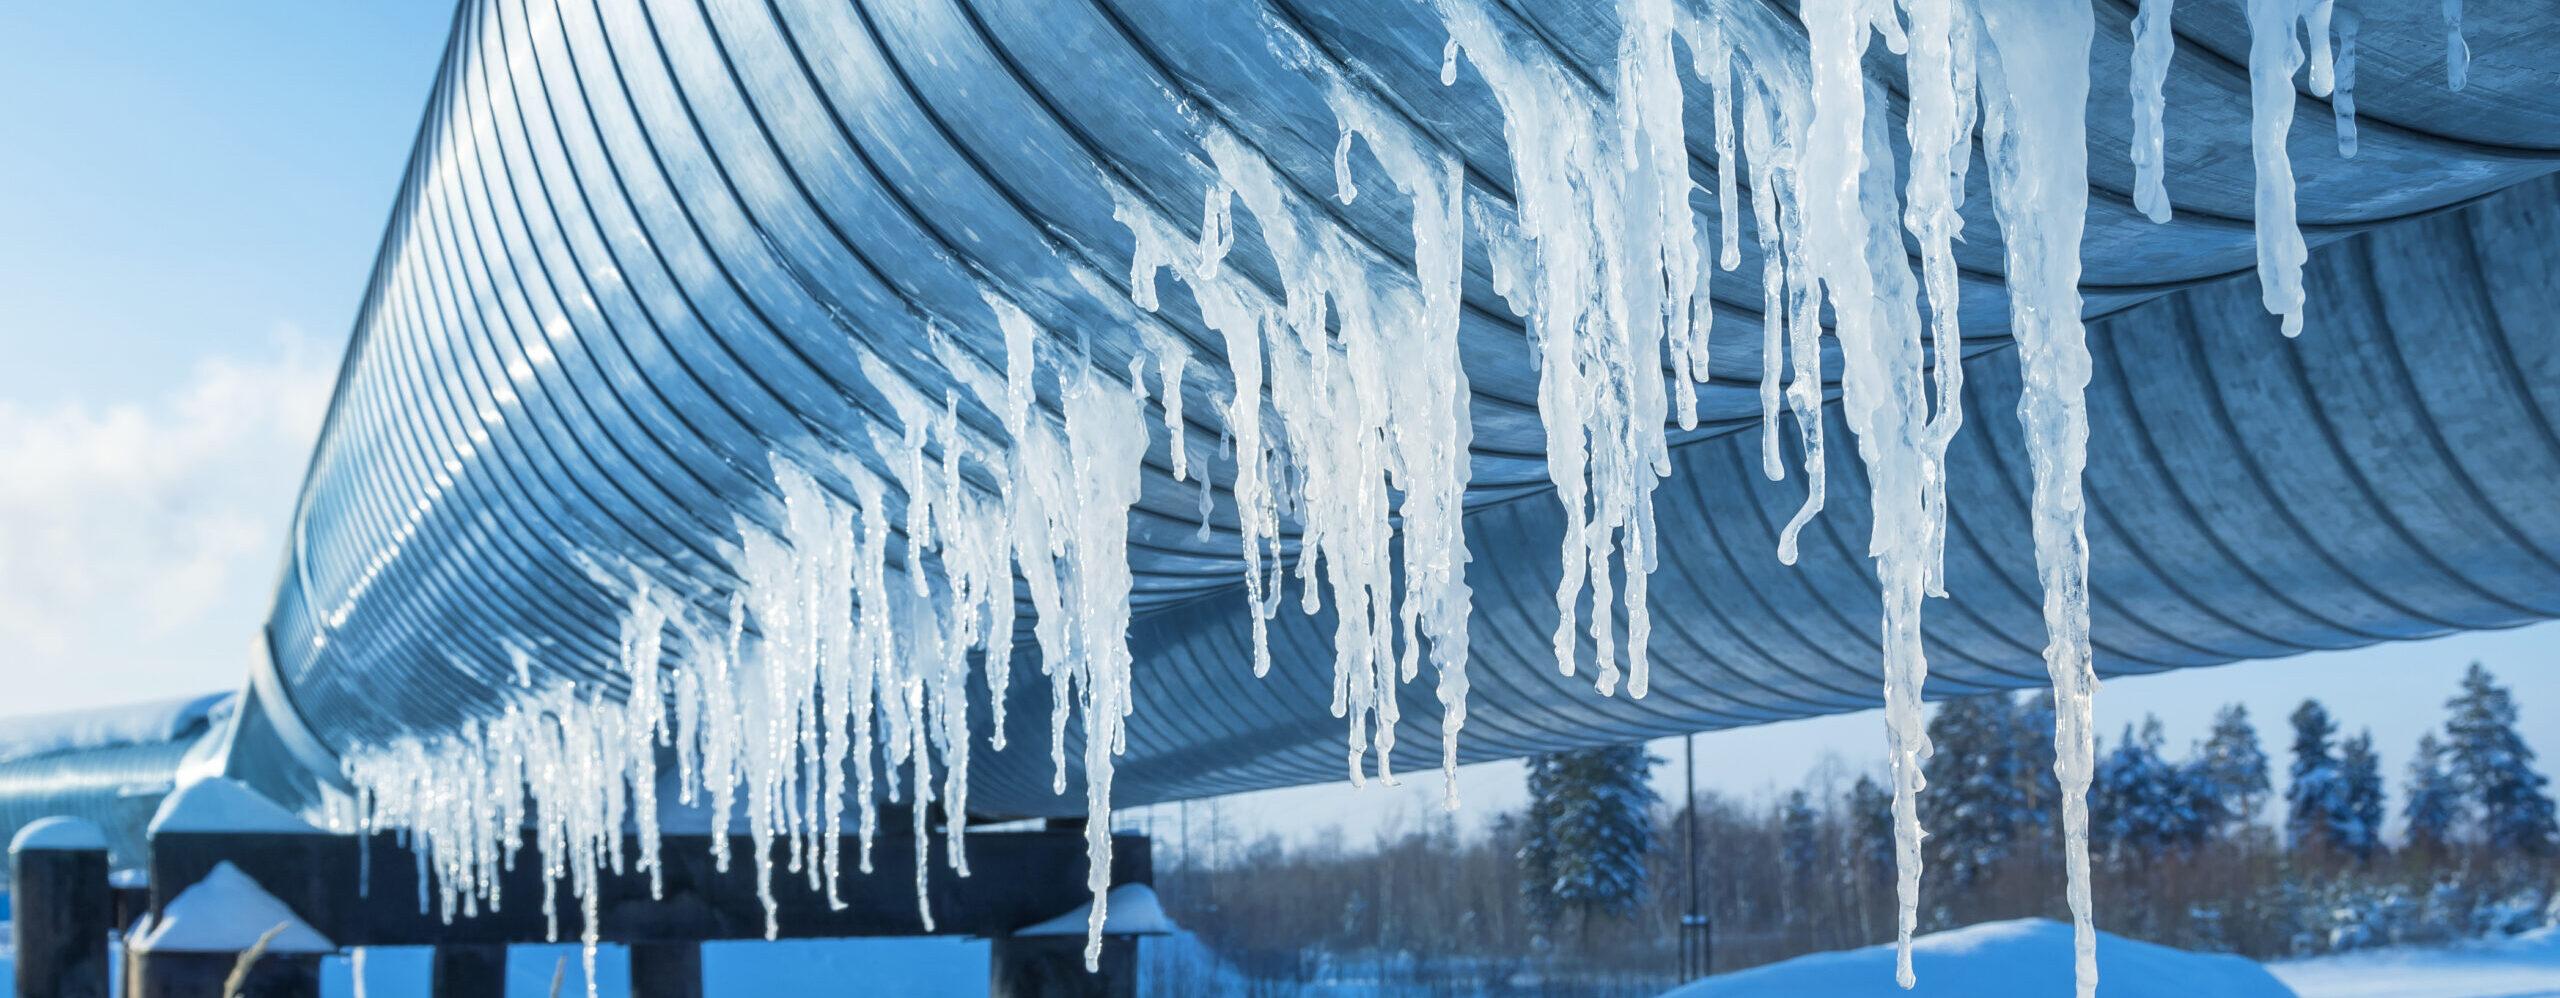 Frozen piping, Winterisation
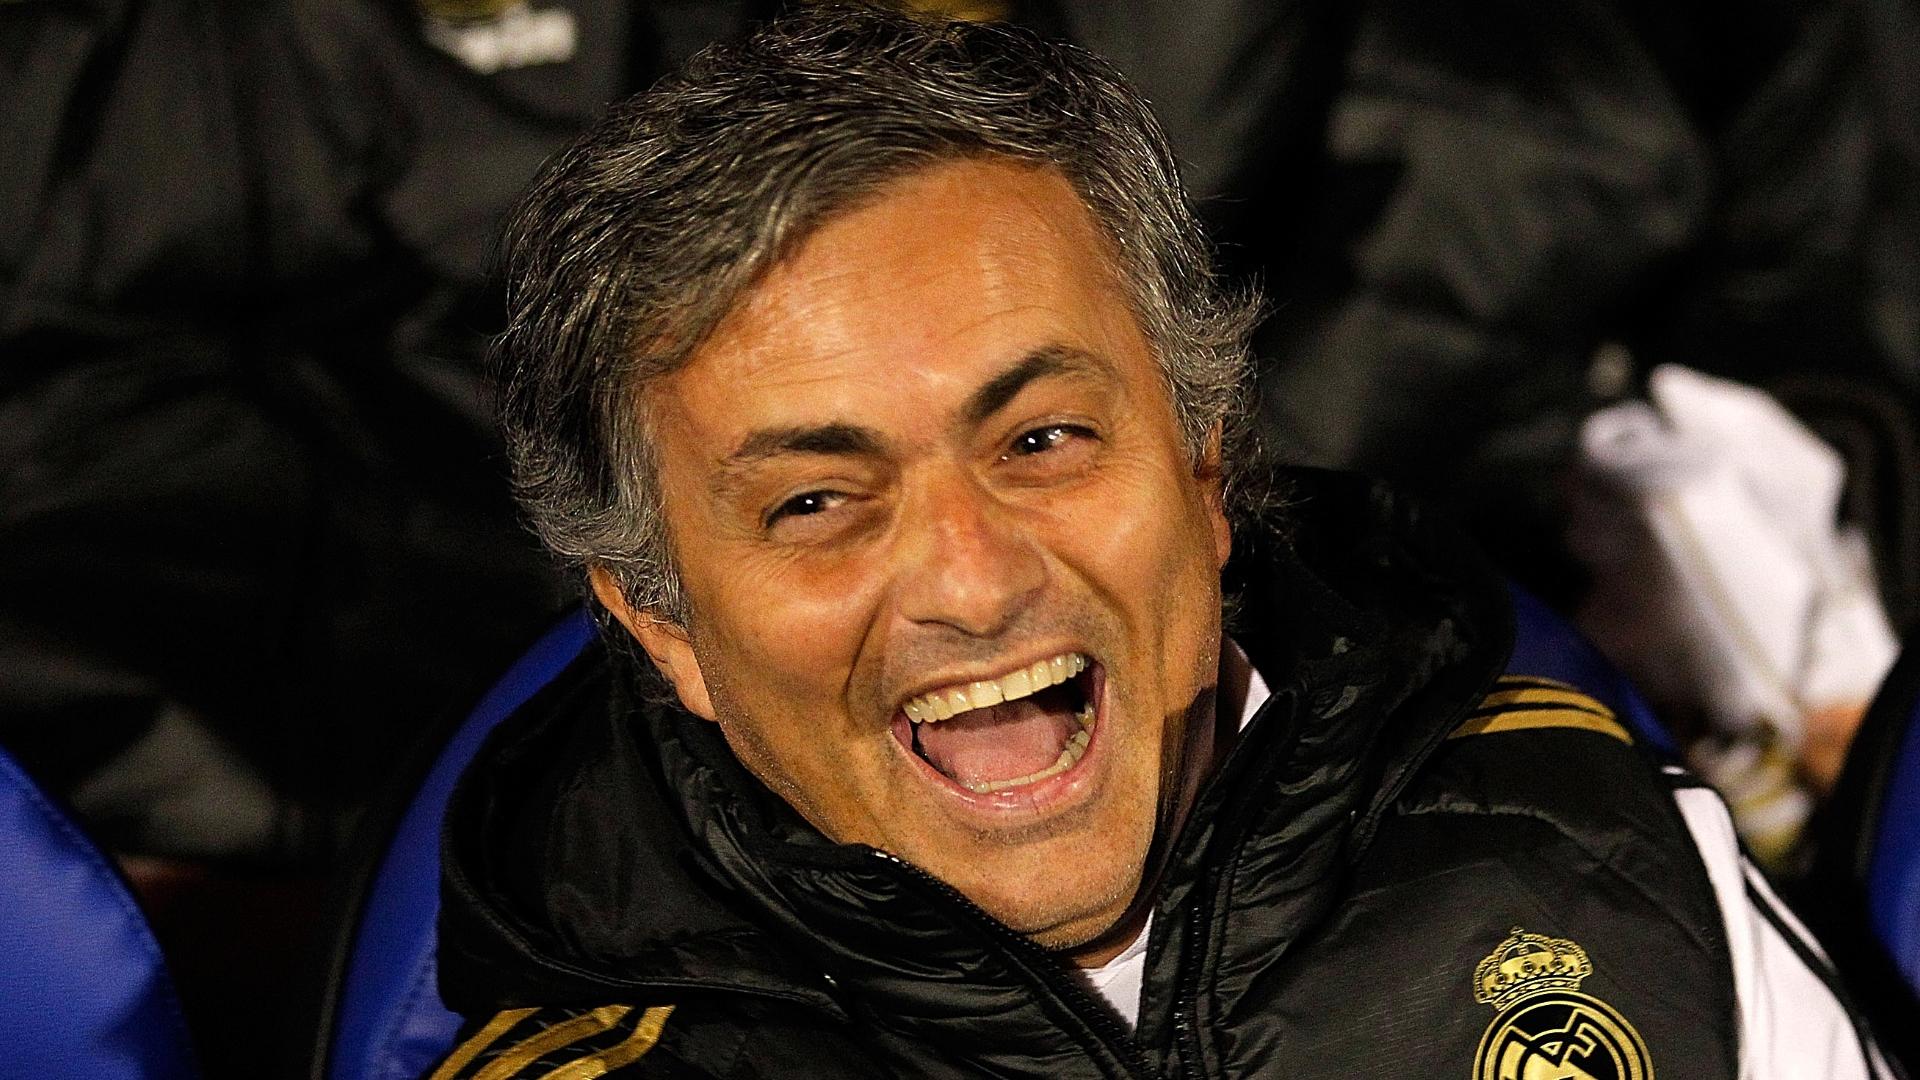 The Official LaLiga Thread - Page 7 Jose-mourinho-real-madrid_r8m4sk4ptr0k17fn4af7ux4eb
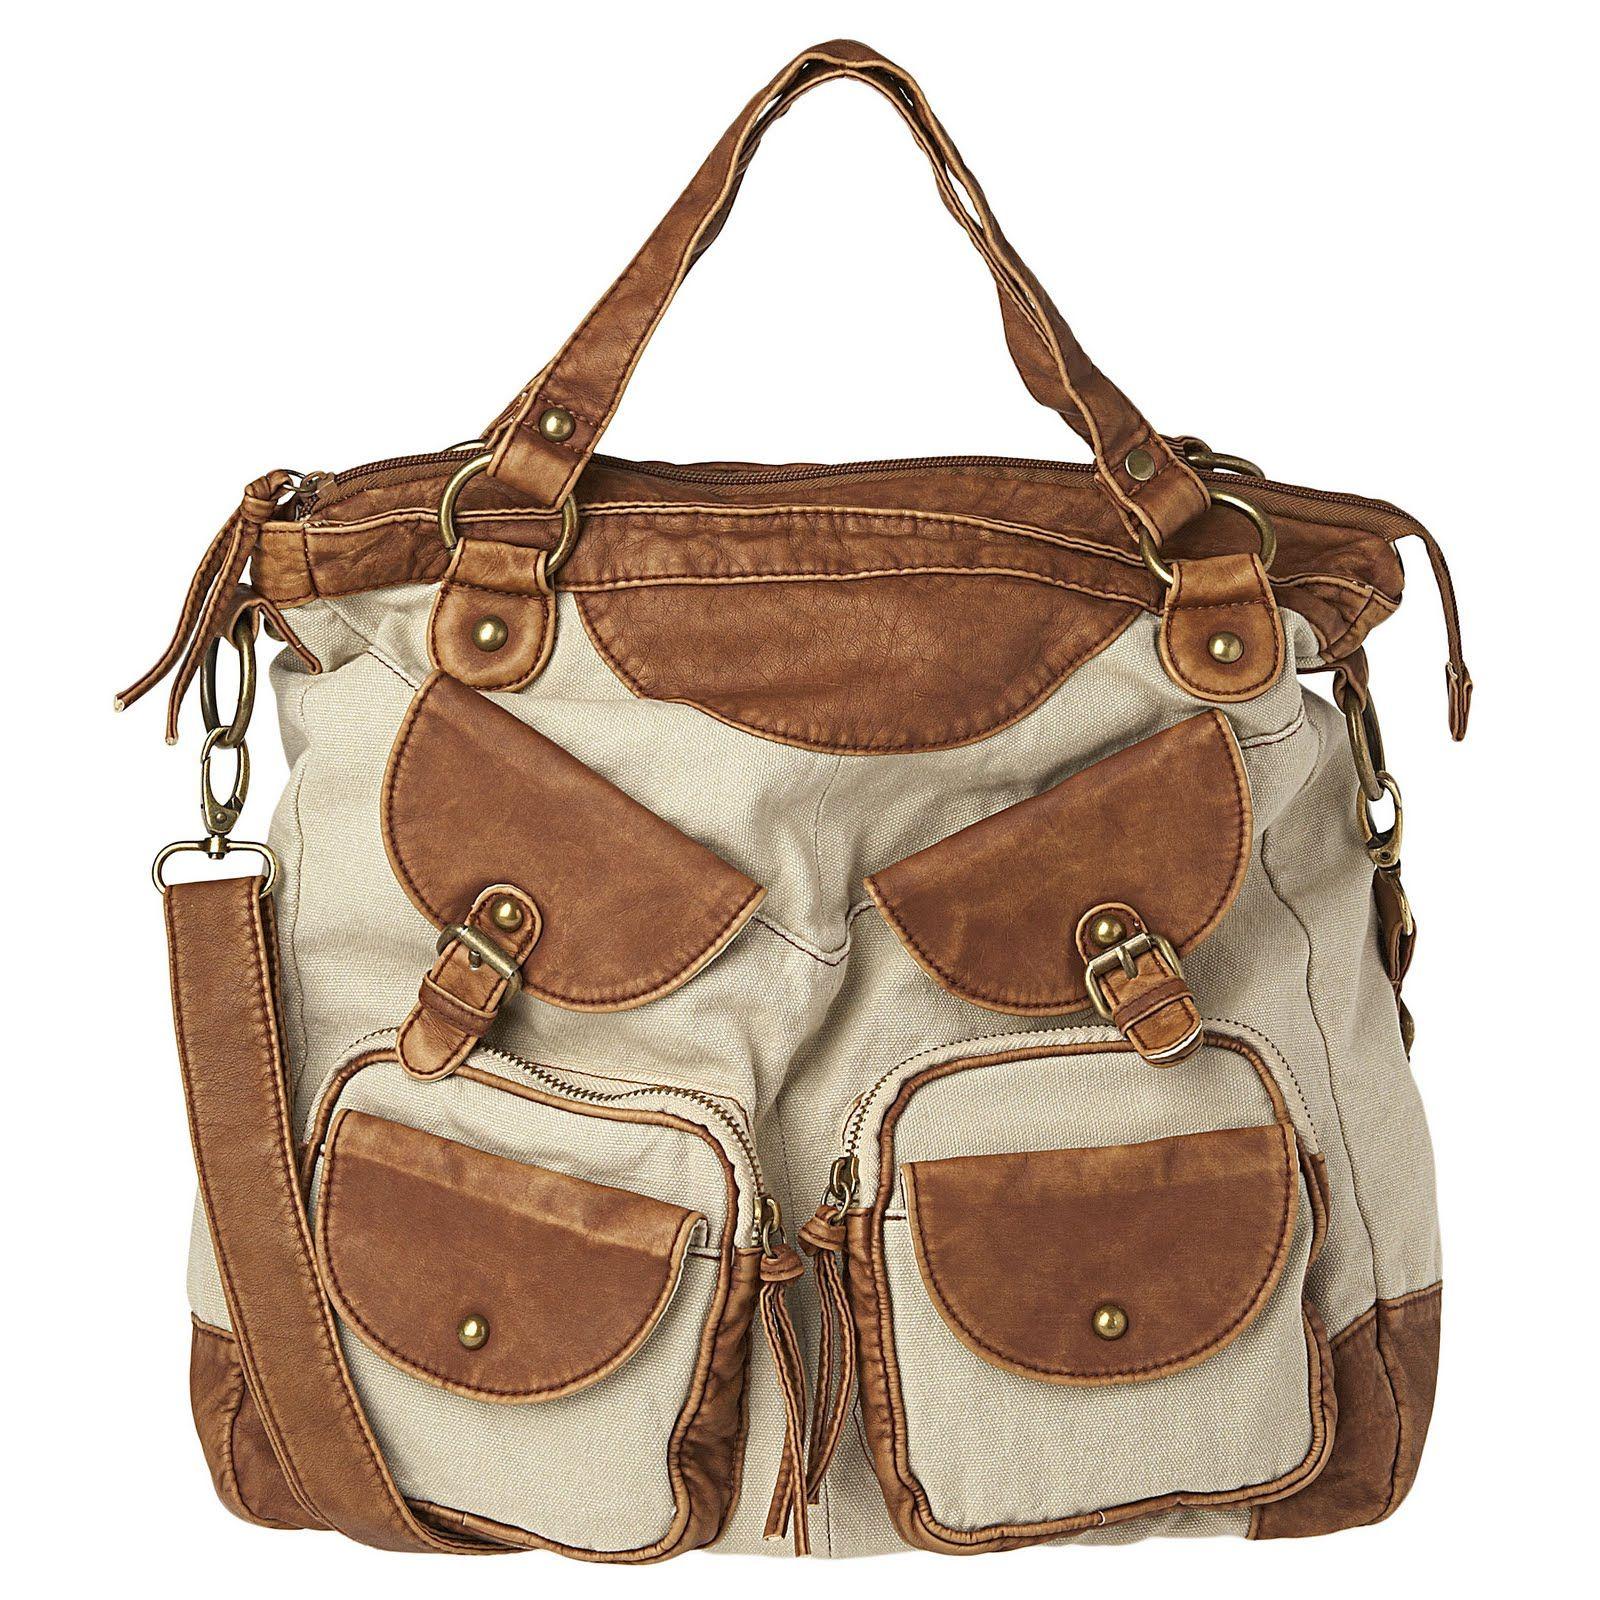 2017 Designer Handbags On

**What is expected:**
Keep the pictures out while you retype all of the data above exactly as it appears.

**Response box:**
 Frozen piping, Winterisation
 The Official LaLiga Thread - Page 7 Jose-mourinho-real-madrid_r8m4sk4ptr0k17fn4af7ux4eb
 2017 Designer Handbags On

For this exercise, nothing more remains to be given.